Information shown:
======

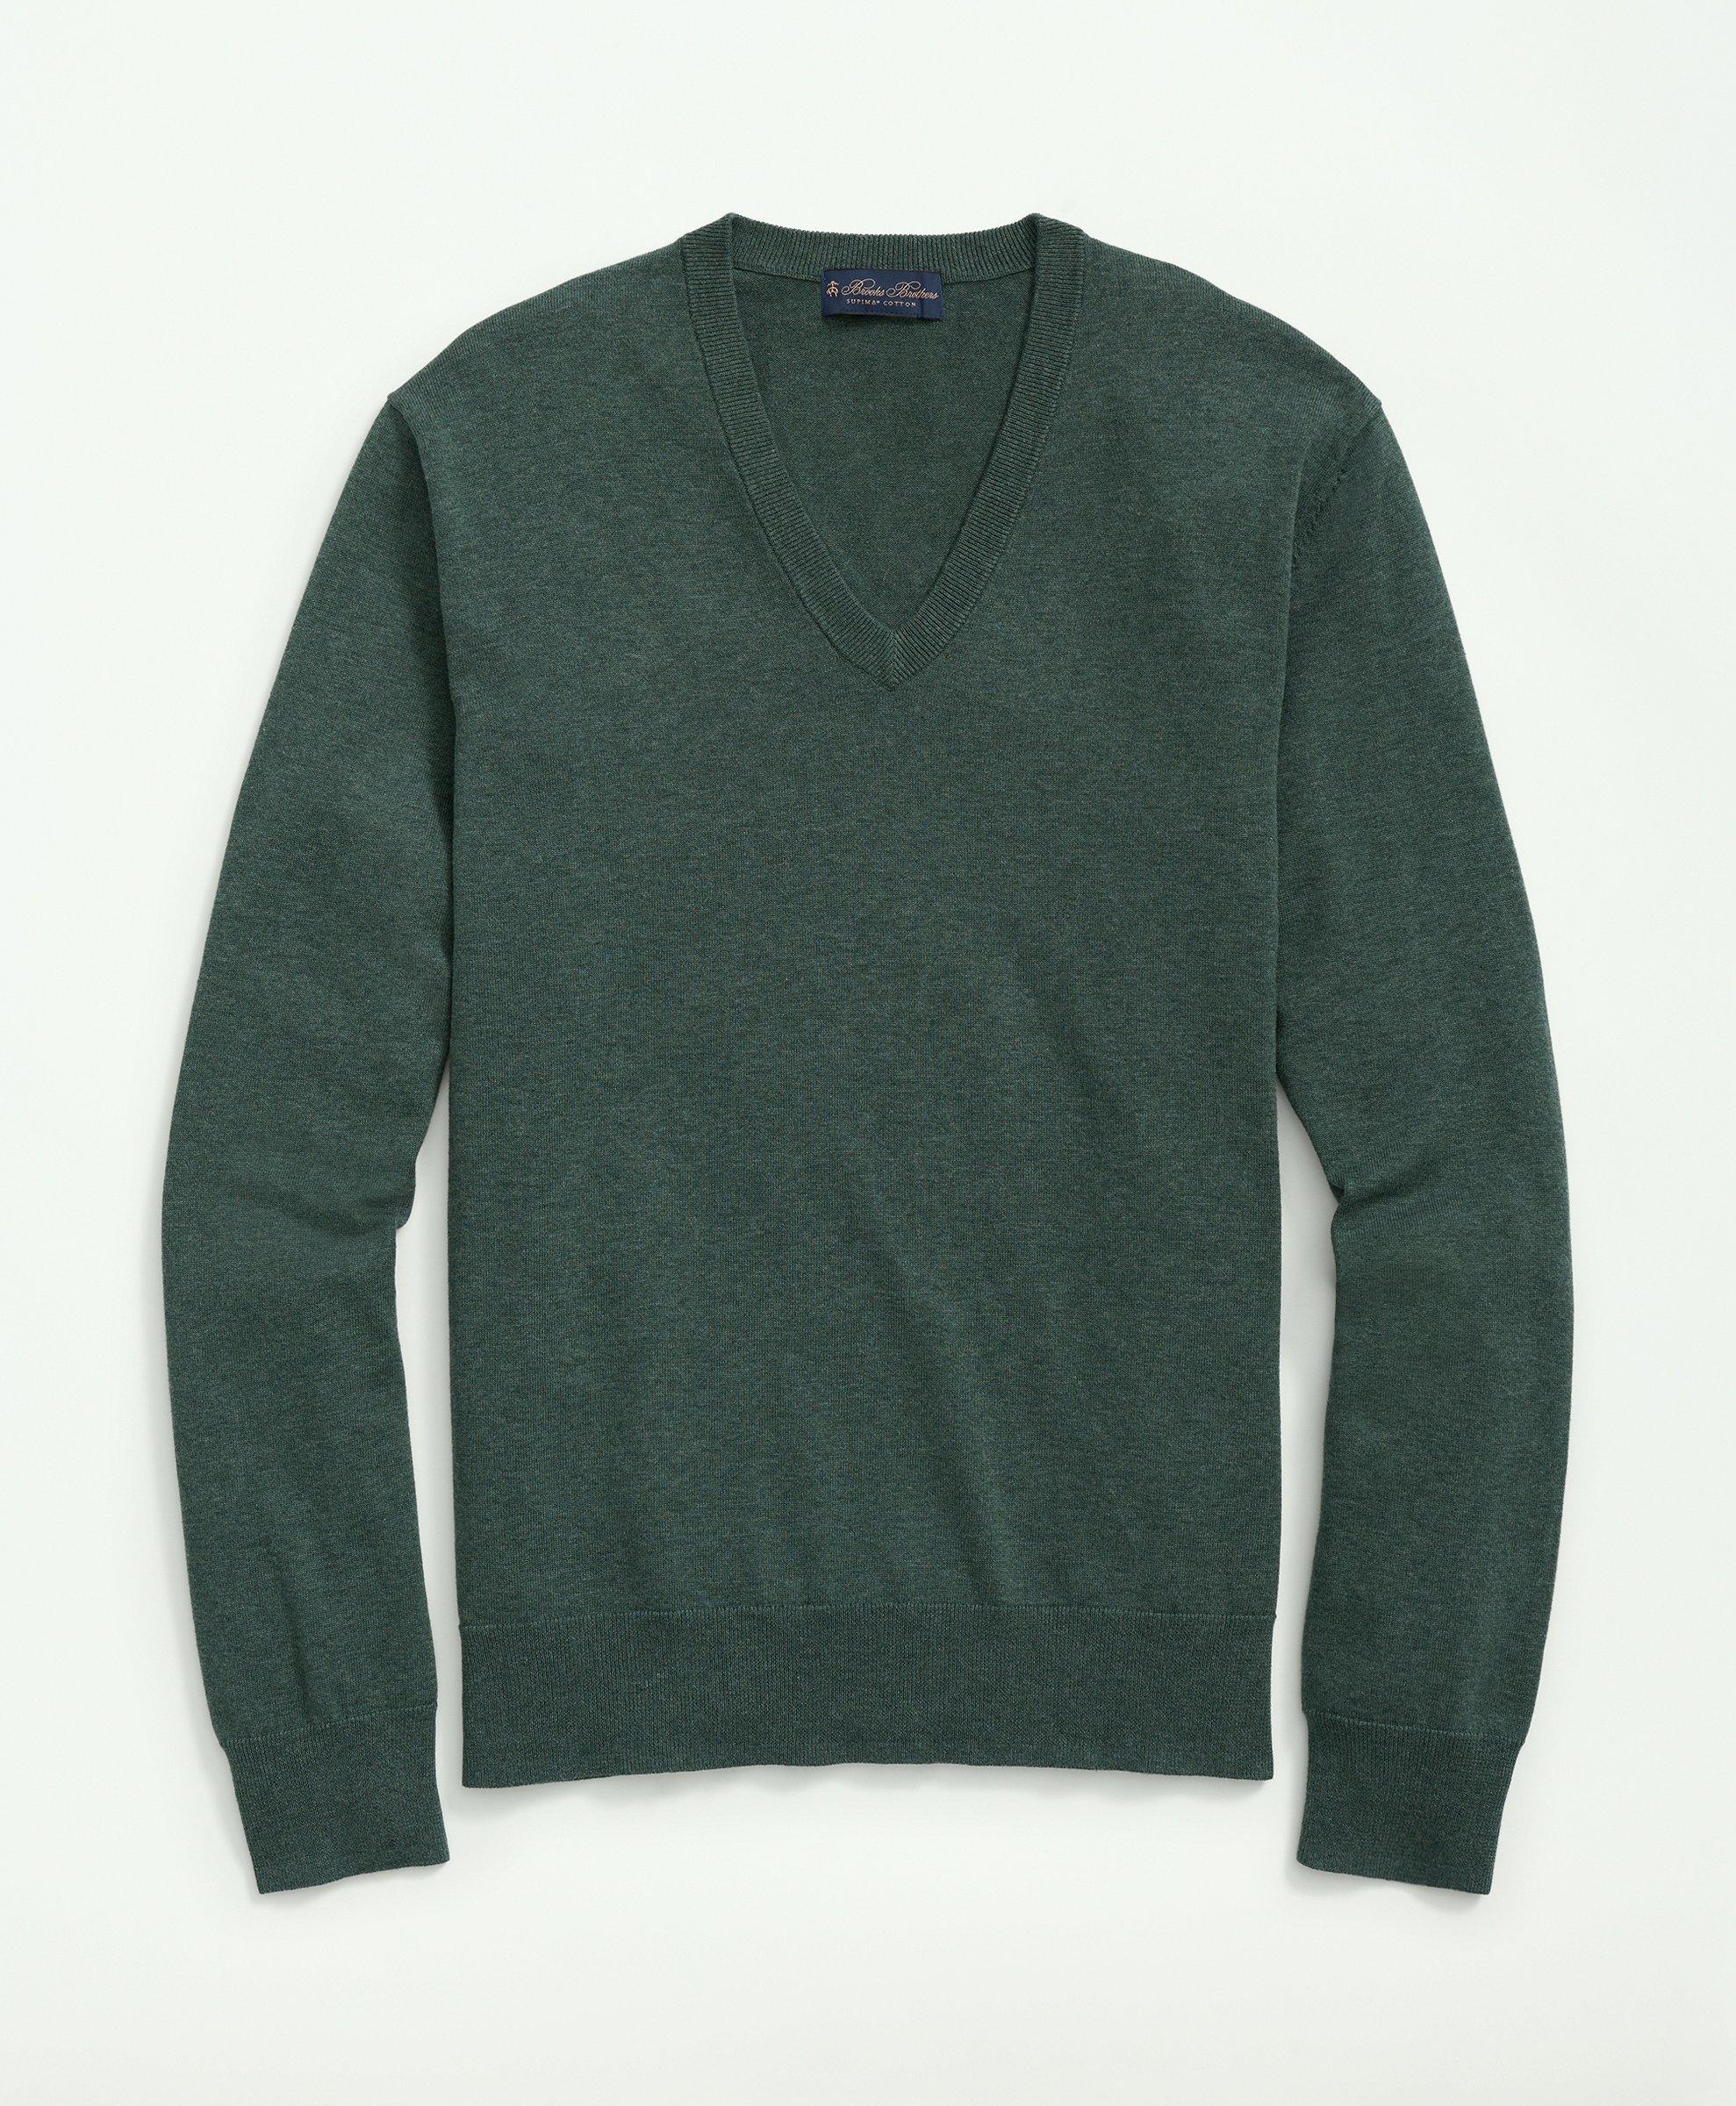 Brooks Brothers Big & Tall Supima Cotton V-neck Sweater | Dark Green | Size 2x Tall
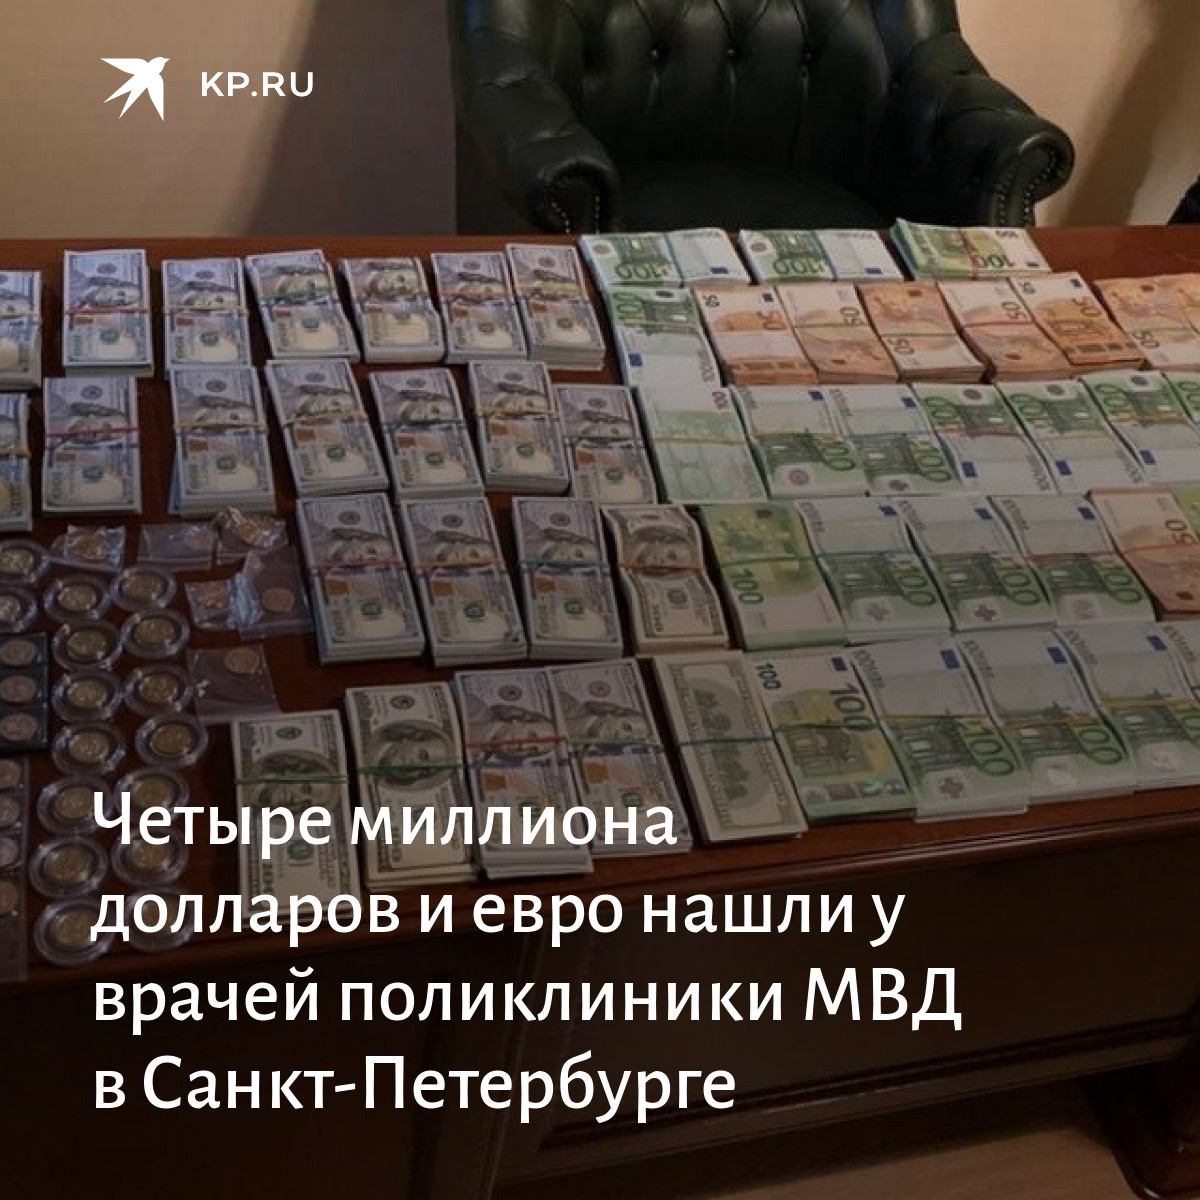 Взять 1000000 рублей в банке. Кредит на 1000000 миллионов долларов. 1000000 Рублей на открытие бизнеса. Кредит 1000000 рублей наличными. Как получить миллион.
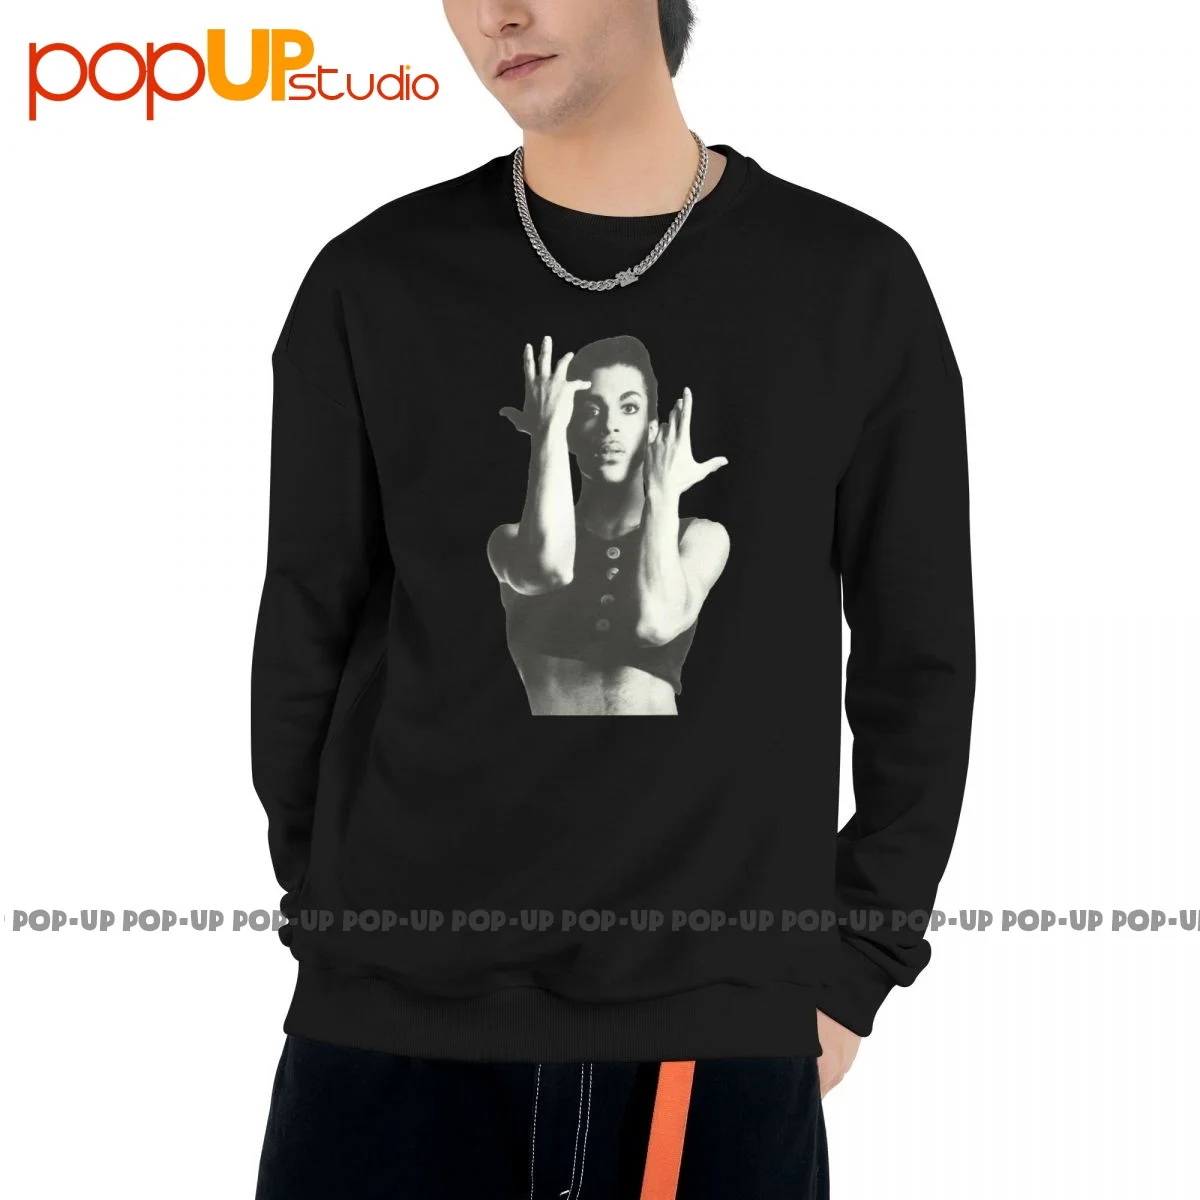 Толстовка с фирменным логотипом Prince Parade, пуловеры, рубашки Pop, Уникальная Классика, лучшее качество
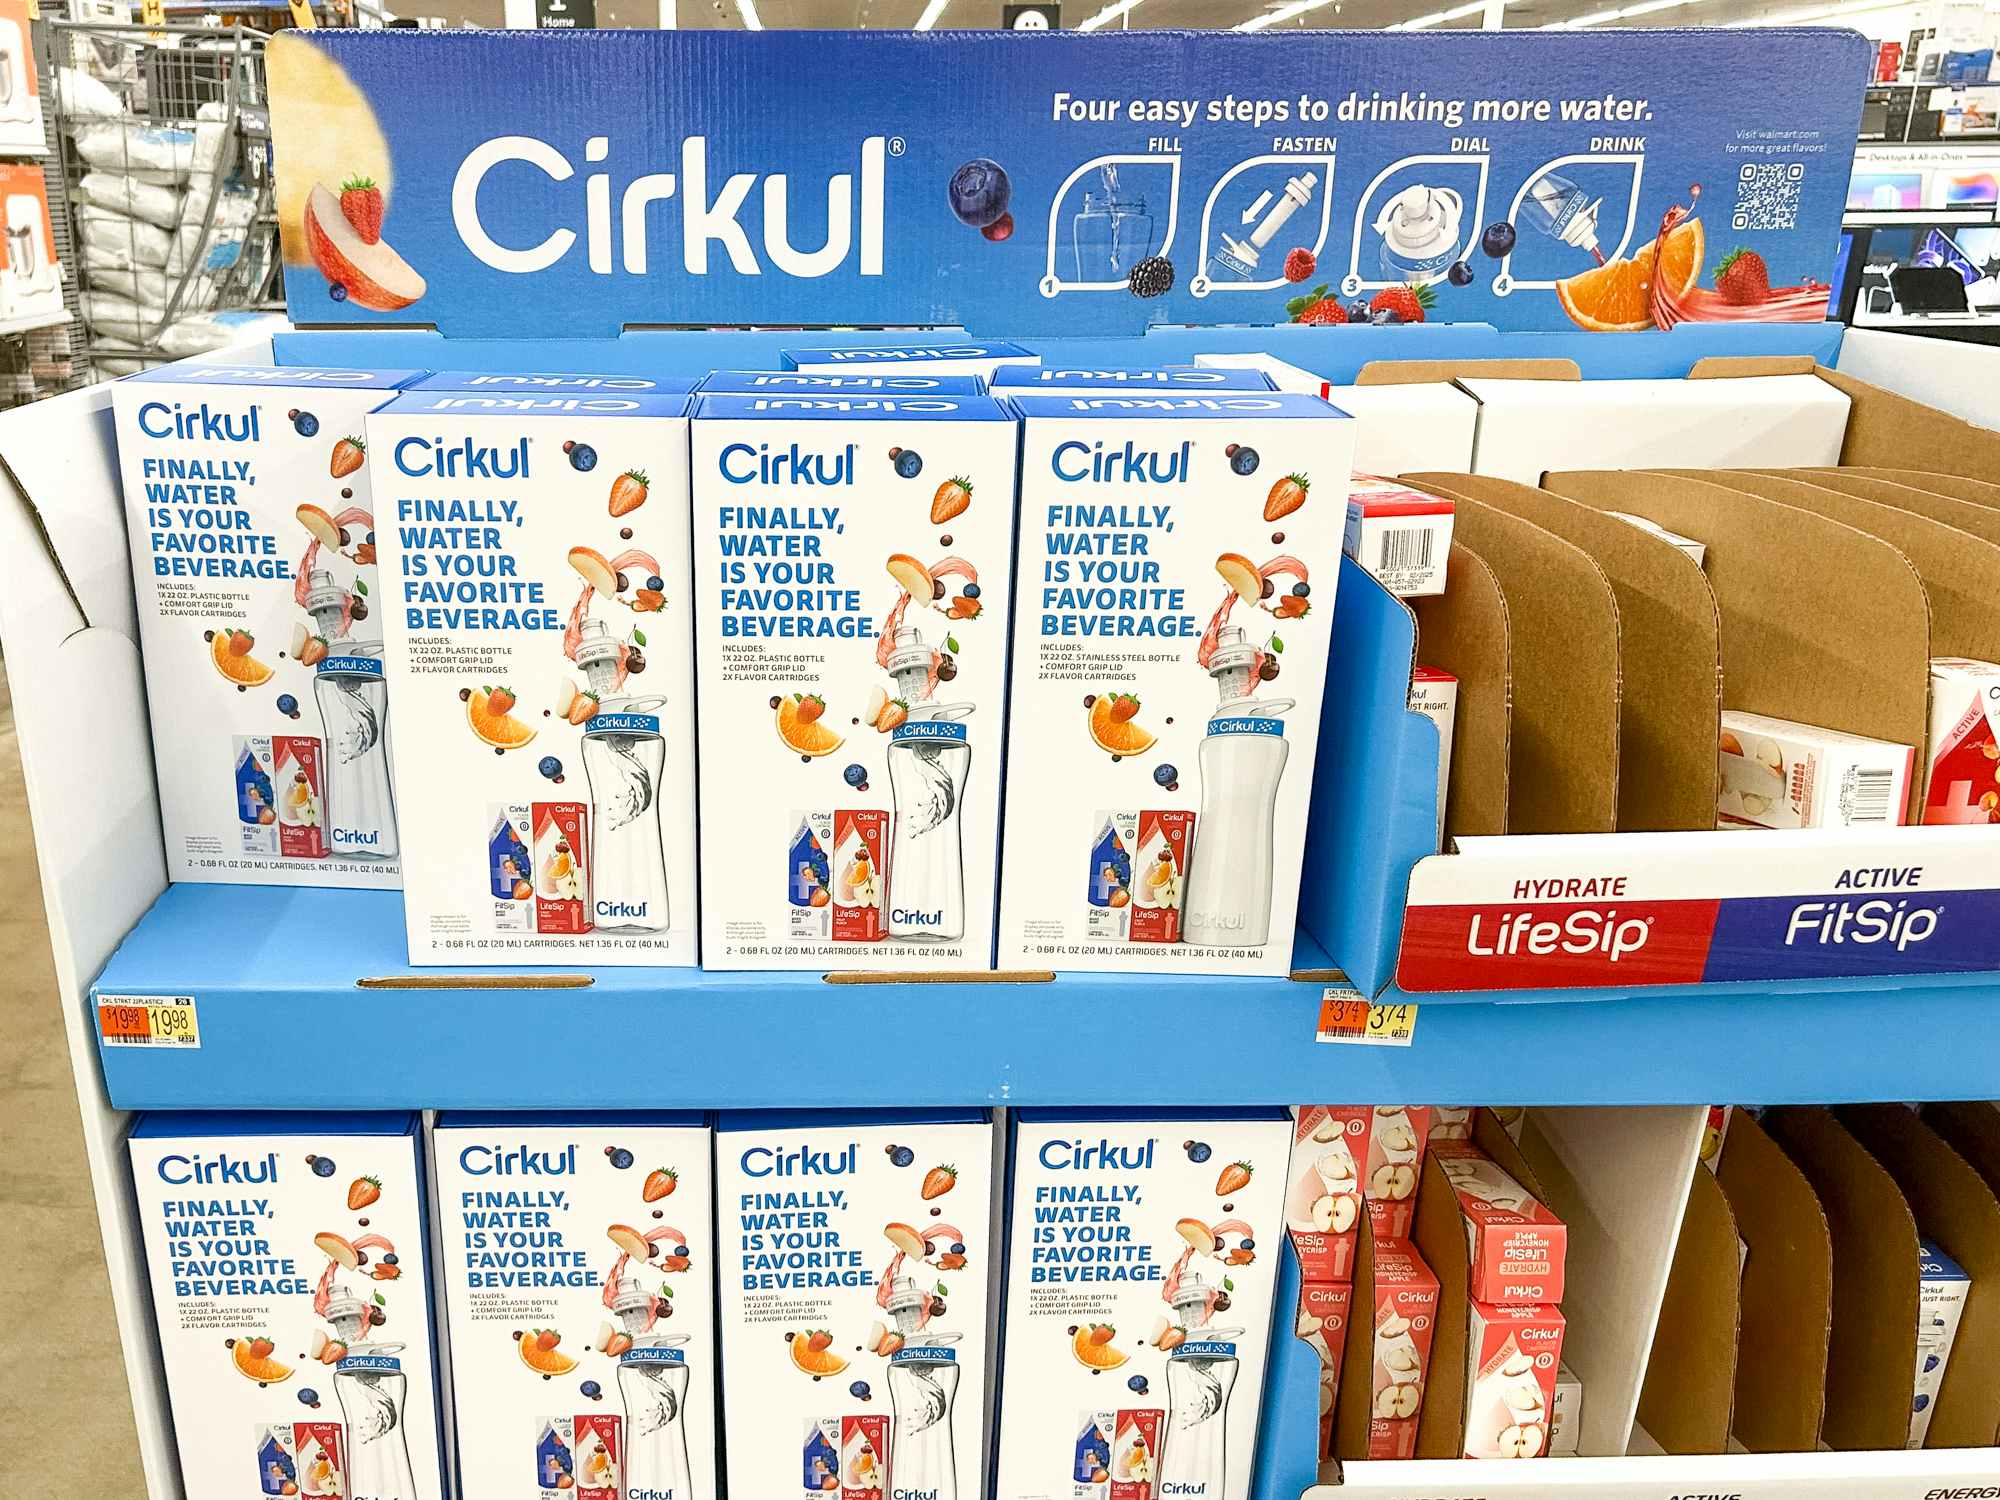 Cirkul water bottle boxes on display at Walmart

======

How to complete this task: Transcribe word for word only the lines from the one with "Толстовка с фирменным" through the end of the listing; every picture is to be omitted.

Exercise response:
 Толстовка с фирменным логотипом Prince Parade, пуловеры, рубашки Pop, Уникальная Классика, лучшее качество
 Cirkul water bottle boxes on display at Walmart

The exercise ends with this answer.